Rabu 04 Nov 2020 15:23 WIB

Profesor UNS Teliti Bakteri dan Tanaman Serap Polutan Tanah

Selama ini pencemaran tanah diatasi dengan bakteri atau tanaman saja.

Rep: Binti Sholikah/ Red: Dwi Murdaningsih
Petugas Dinas Lingkungan Hidup memasang tali pembatas di dekat gundukan tanah yang diduga tercemar limbah B3. ilustrasi
Foto: Antara/Hafidz Mubarak A
Petugas Dinas Lingkungan Hidup memasang tali pembatas di dekat gundukan tanah yang diduga tercemar limbah B3. ilustrasi

REPUBLIKA.CO.ID,  SOLO - Guru Besar bidang Ilmu Bioremediasi Tanah Fakultas Pertanian (FP) Universitas Sebelas Maret (UNS) Solo, Margaretha Maria Alacoque (MMA) Retno Rosariastuti, mengembangkan teknologi bioremediasi dalam remediasi tanah tercemar untuk mendukung pertanian berkelanjutan. Hasil penelitian tersebut dibacakan dalam pidato pengukuhannya sebagai Guru Besar ke-30 FP dan ke-227 UNS pada Selasa (3/11).

Retno menjelaskan, bioremediasi merupakan suatu teknologi untuk memulihkan lingkungan yang tercemar material berbahaya menggunakan mikroorganisme atau tumbuhan tingkat tinggi yang ada di alam.

Baca Juga

Prinsip utamanya, mengubah dan mendegradasi polutan seperti hidrokarbon, minyak, logam berat, pestisida, pewarna dan sebagainya. Tujuan penggunaan teknologi bioremediasi antara lain, karena di Indonesia banyak terjadi degradasi pada lahan pertanian yang disebabkan oleh pencemaran logam berat dari limbah industri.

Dia mengatakan diperlukan metode remediasi tanah tercemar yang murah, mudah dalam aplikasinya, aman, ramah lingkungan dan berkelanjutan. Khususnya dari pencemaran logam berat.

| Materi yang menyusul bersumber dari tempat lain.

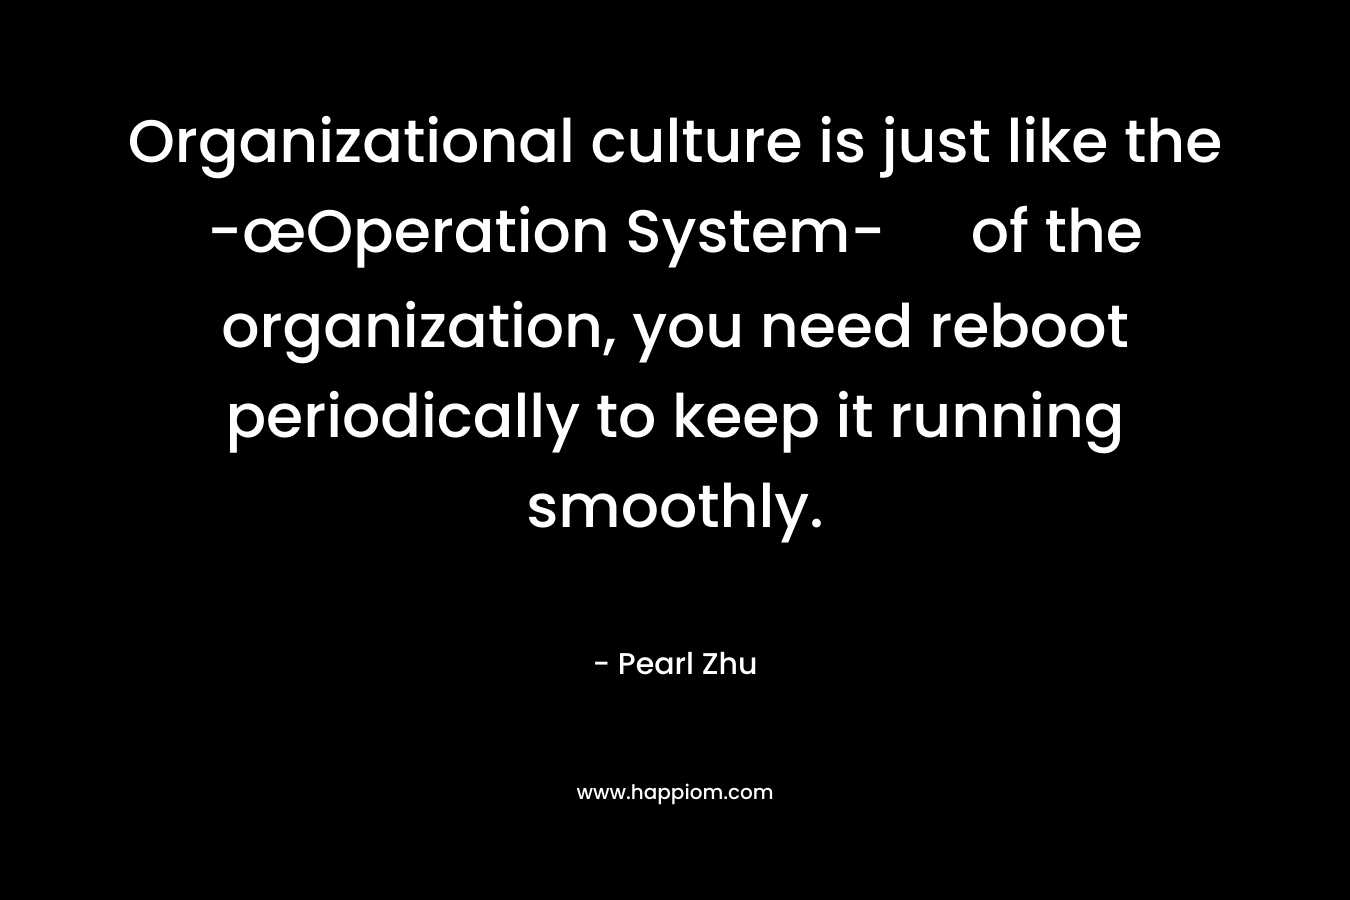 Organizational culture is just like the -œOperation System- of the organization, you need reboot periodically to keep it running smoothly. – Pearl Zhu

Selama ini, penanganan tanah tercemar logam menekankan penanganan secara fisik dan kimia. Caranya dengan memindahkan atau membuang tanah, reklamasi lahan, stabilisasi atau pemadatan, ekstraksi secara fisiko-kimia, pencucian dan penggelontoran tanah.

"Cara kimia tidak bisa berkelanjutnya, bahkan akan menyebabkan masalah lagi, karena struktur lahan menjadi rusak, sehingga hanya bisa digunakan untuk menanam sementara, biaya juga mahal. Bagaimana mengatasi itu? Dengan mikroorganisme," ucap Retno, Senin (2/11).

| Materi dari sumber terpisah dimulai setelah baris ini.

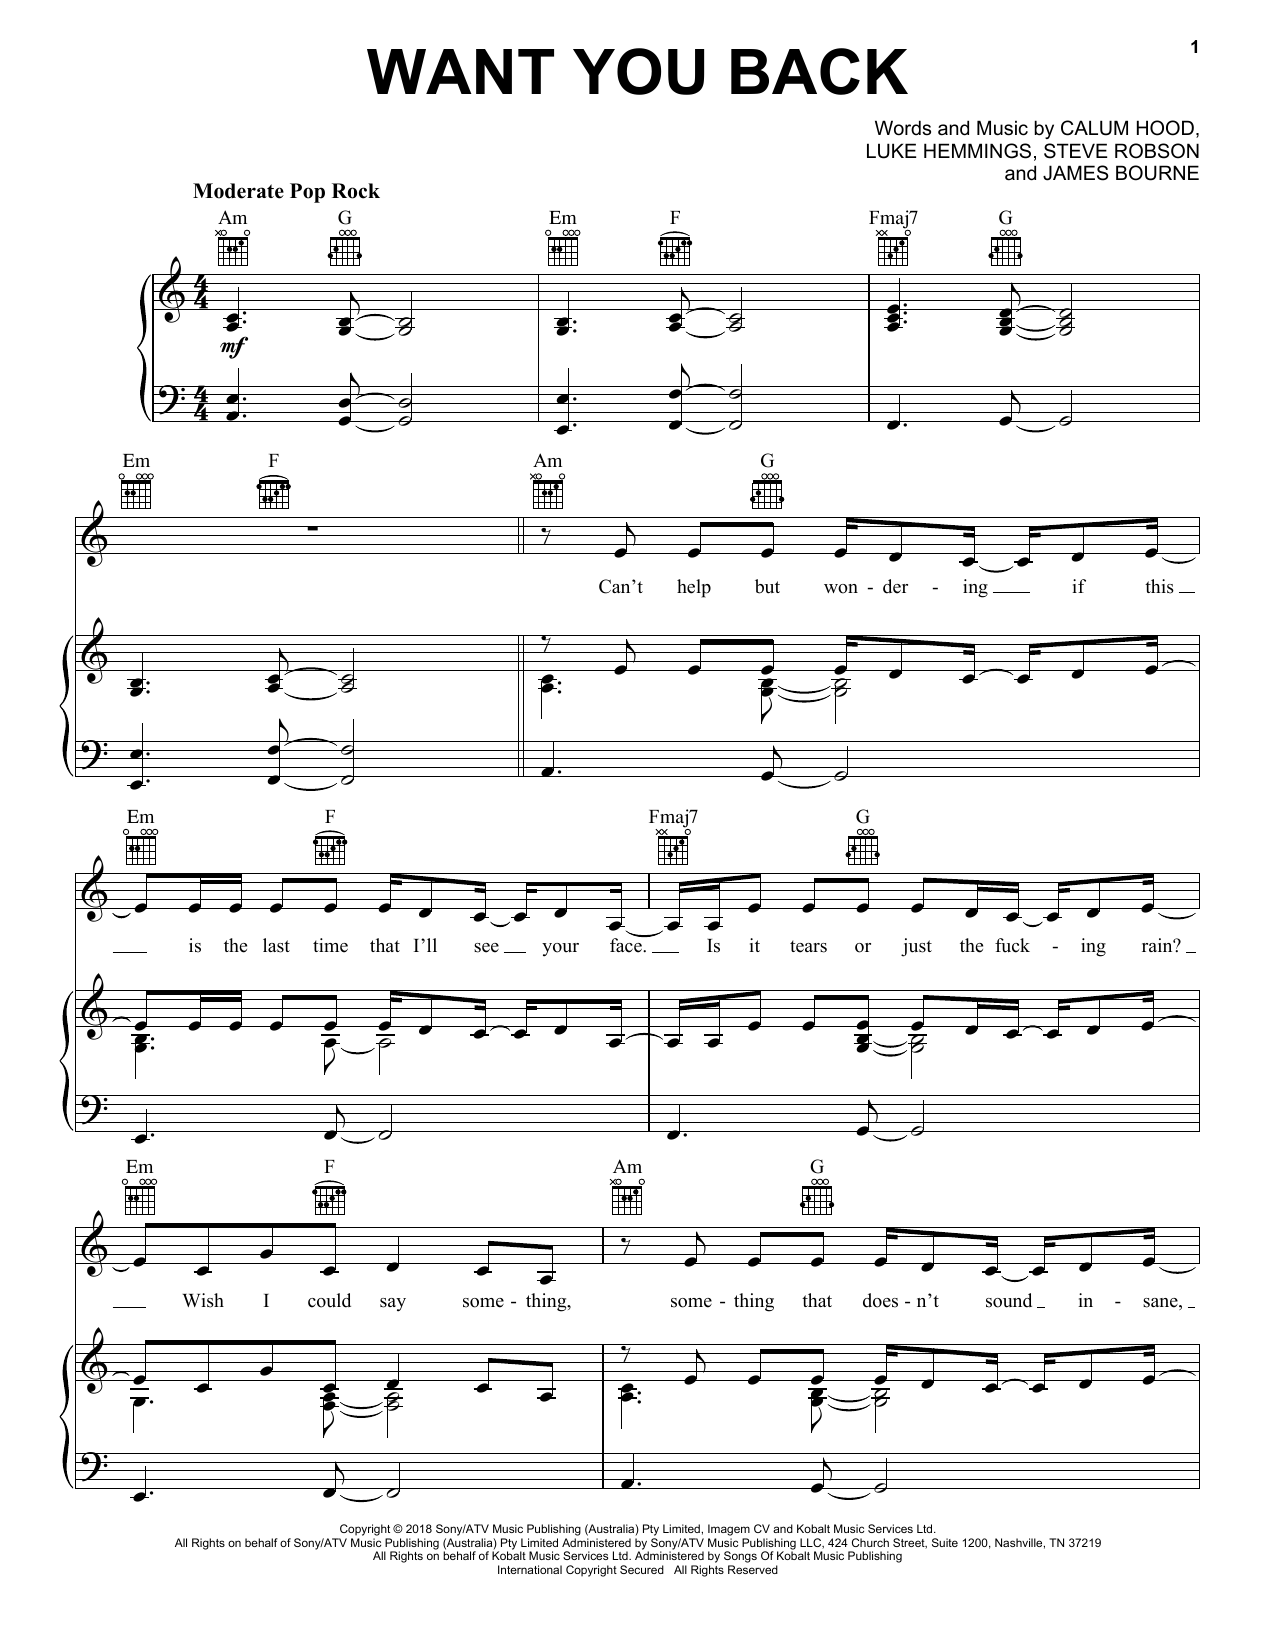 Download 5 Seconds of Summer Want You Back Sheet Music

Teknologi bioremediasi tanah yang digunakan saat ini menggunakan mikroorganisma saja (bioremediasi) atau tanaman saja (fitoremediasi). Mikroorganisme berperan dalam imobilisasi, detoksifikasi atau degradasi beragam limbah kimia dan bahan berbahaya dari lingkungan, sehingga dapat menguraikan atau mentransformasi bahan pencemar berbahaya.

Penelitian Retno memanfaatkan bakteri dan tanaman untuk mengatasi pencemaran tanah. Kerja sama bakteri dan tanaman akan mengubah senyawa berbahaya untuk diserap tanaman.

"Bakteri dan tanaman sifatnya berkelanjutan, akan mendukung tanah yang sehat. Penelitian saya tanamannya bukan tanaman pangan tapi masih punya nilai ekonomi, masih bisa dimanfaatkan setelah selesai proses bioremediasi," ungkapnya.

Tanaman tersebut tahan dengan tanah yang tercemar. Retno memilih tanaman penghasil serat yakni rami dan mendong.

Rami banyak digunakan industri tekstil, sedangkan mendong banyak digunakan industri kerajinan. Meskipun sebenarnya tanaman pangan merupakan media penyerap yang baik bagi polutan tanah, salah satunya kangkung. Namun, akan berbahaya jika tanaman pangan tersebut dikonsumsi.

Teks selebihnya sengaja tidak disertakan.